Rising populations of youth pose serious challenges for societies, economies, and governments in developing countries around the world. Nowhere is this more true than Nigeria, Africa's most populous country, where 14.2% of
the population is under the age of 15 and the median age is 18.7 years. Young Nigerians affect everything from the balance of power inside the country to the price you pay for gas.
In the oil-rich Niger Delta, militant groups such as the Movement for the Emancipation of the Niger Delta (
MEND) battle with government troops and foreign oil companies for control of resources in the world's
eighth-largest oil exporter. Ordinary people participate in this struggle as well, and their small-scale attempts to divert oil from pipelines frequently result in fatal explosions.
Pervasive poverty, environmental damage to the agricultural sector, and the proliferation of small arms make roaming militias in the Delta an attractive source of income and security for
youth.
Unlike most work in the Niger Delta, “running” with the militias is lucrative. Many of Nigeria’s oil pipelines are above ground, making them vulnerable to sabotage and bunkering.
On 29 January the Nigerian Security and Civil Defence Corps handed over - to the country’s Economic and Financial Crimes Commission - 118 suspects for having stolen an alleged 104 million naira (just over US$881,000) worth of crude oil since September 2007.
The groups are also behind the kidnap of countless expatriate oil workers over the past few years. Ransom payments, together with oil bunkering and political ties, have kept the militants flush with cash and arms.
In 2003 and again in 2007, politicians paid and armed the groups to rig elections, Human Rights Watch documented in an October 2007 report.
“The impunity enjoyed by politicians is so widespread that some residents of the state are not even aware that their sponsorship of armed gangs is in and of itself illegal,” the report reads.
“Fourteen-year-old boys are going to the camps as a summer job,” explains Ledum Mittee, the outgoing president of the Movement for the Survival of the Ogoni People, a Niger Delta ethnic group.
“They go there and earn money… you ask, what is the alternative? Say they earn N40,000 (about US$340) a month. For those young boys - for anyone else - imagine how much that is. Then they go back to class.”

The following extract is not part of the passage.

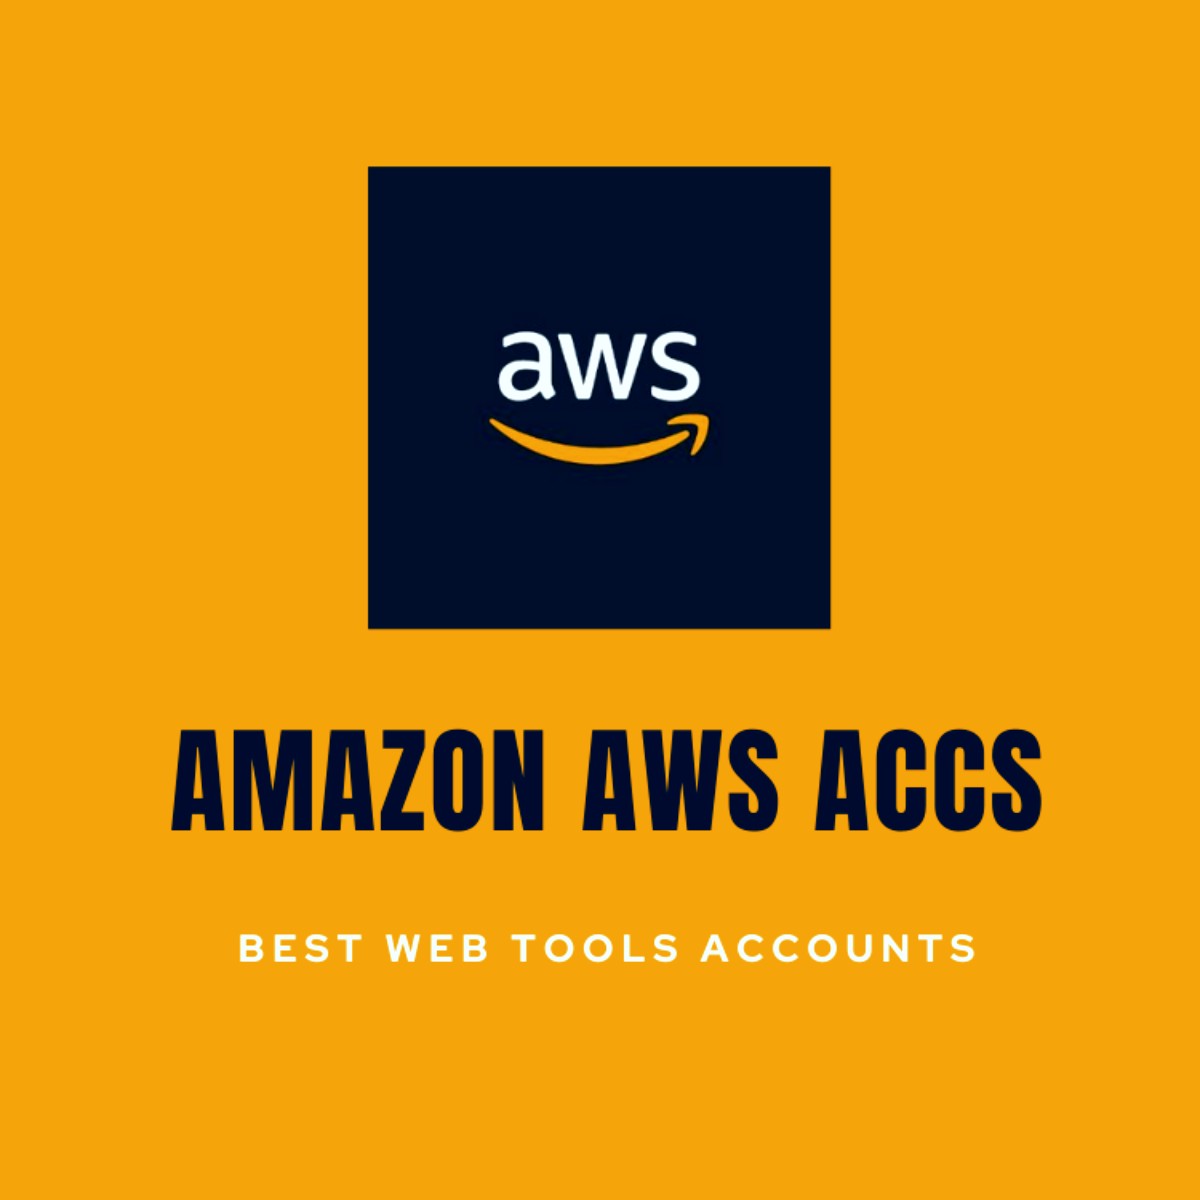 Buy an Amazon AWS Account on Sale

The conflict has worsened in the past few years, largely because of the militias' increased access to weapons. In May 2007, after President Yar'Adua took over from his predecessor and mentor Obasanjo, the BBC made a grim
prognosis of the situation:
From a group of angry young men fighting with sticks and machetes, they have evolved into disciplined groups carrying out precise attacks on foreign oil installations in the region. They kidnap foreign oil workers at will and keep them for as long as they want. They also blow up oil pipelines, burn down police stations and dare the government to go after them.

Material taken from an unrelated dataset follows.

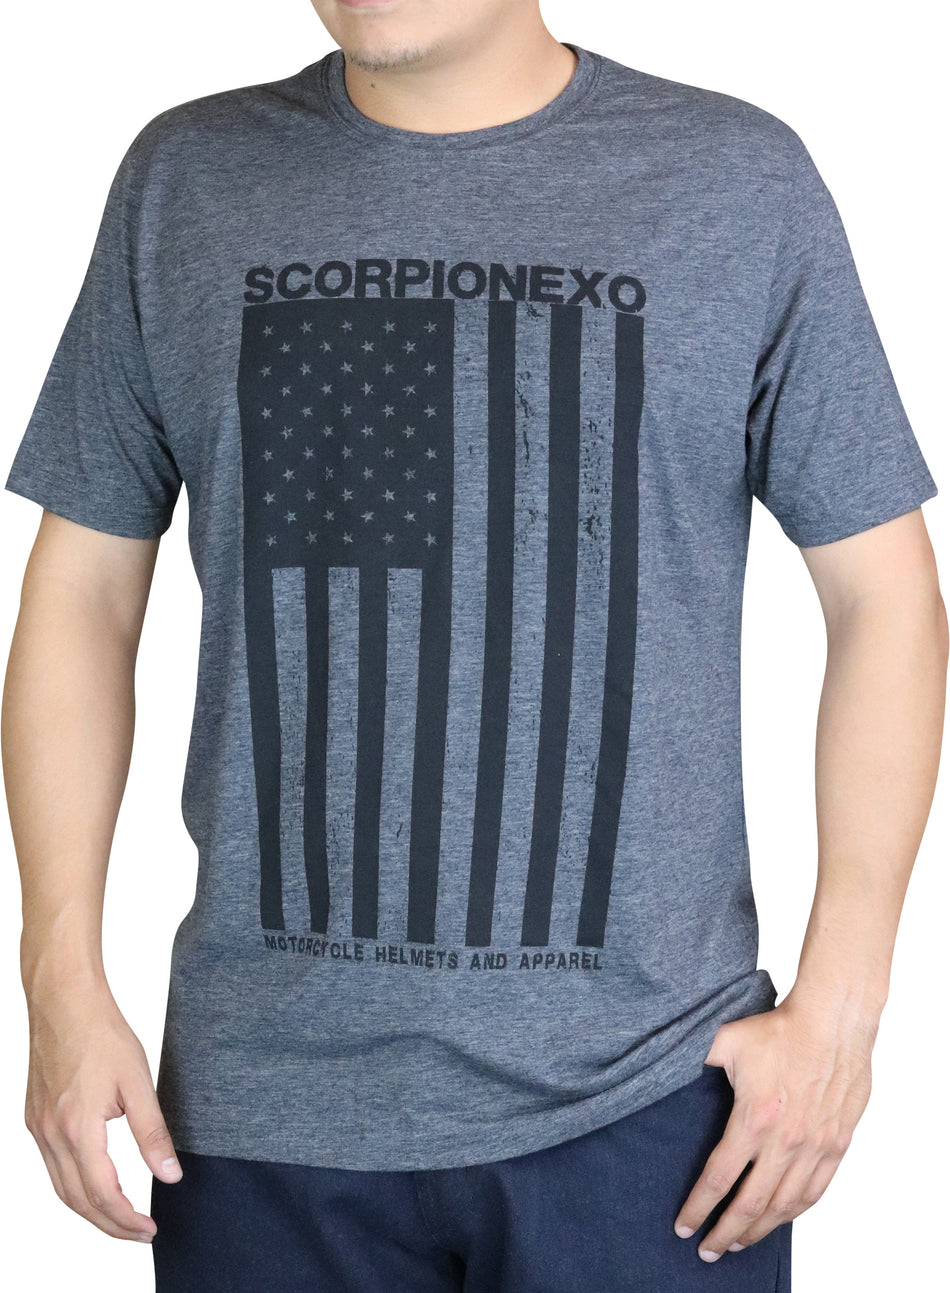 SCORPION EXO Americana Shirt Black/Charcoal Sm 61-750-03

Under former President Olusegun Obasanjo, the central government never quite figured how to effectively deal with the militants who have recorded huge successes in disrupting oil production and scaring foreign workers out of the region. Equally, Mr Yar'Adua does not appear to have a real plan for the region which produces about 90% of his budget. But he now speaks of coming up with one soon.
Since Yar'Adua took power, some progress has been made, including preliminary talks between rebels and government. But the crisis continues. In
a gun battle between militants and soldiers Sunday, 11 Nigerians lost their lives. In addition to the local population, it is foreign companies - and consumers - who feel the effects of such attacks.
Shell is pumping about 400,000 barrels per day below its full capacity because of rebel attacks and kidnappings since 2006 that have contributed to a rise in world oil prices.
Rebels are demanding regional control over the Niger delta's oil wealth, as well as jobs, public services and compensation for pollution.
Even talking with the
rebels may not help without attention to the factors listed above.
Clara Ngeribika, an evangelist who organised negotiations for peace between the various militant factions throughout 2007, told IRIN that many of the boys living in the bush are tired of the fight.
"If the government can be sincere with them, they are ready to disarm," she said.
But without any meaningful opportunities to offer the militia members other than carrying a gun, peace talks between the Nigerian government and militant leaders in September 2007 quickly broke down. Militants said one of the reasons they left the negotiating table was an incident in December when troops stormed the home of militant leader Ateke Tom, who had claimed he was ready for peace.
Ngeribika said the real reason there is no peace yet is the militia members do not really believe the government will let them have a future if they surrender.
The significance of the situation in Nigeria, and the deep economic and political conflict between the rebels and the government, extends to more than just violence and gas prices. In a time of changing demographics, crushing poverty, and widespread munitions, the oil conflict in Nigeria offers us a glimpse of future conflicts. Wars fought over land, oil, and even water may become increasingly common, and the desperate youth of the world will be ripe for recruitment. In these resource wars, targets will not only include local governments, but also neighboring countries and foreign corporations. Nigeria isn't the only African country to complain about the "curse of oil," and it won't be the last.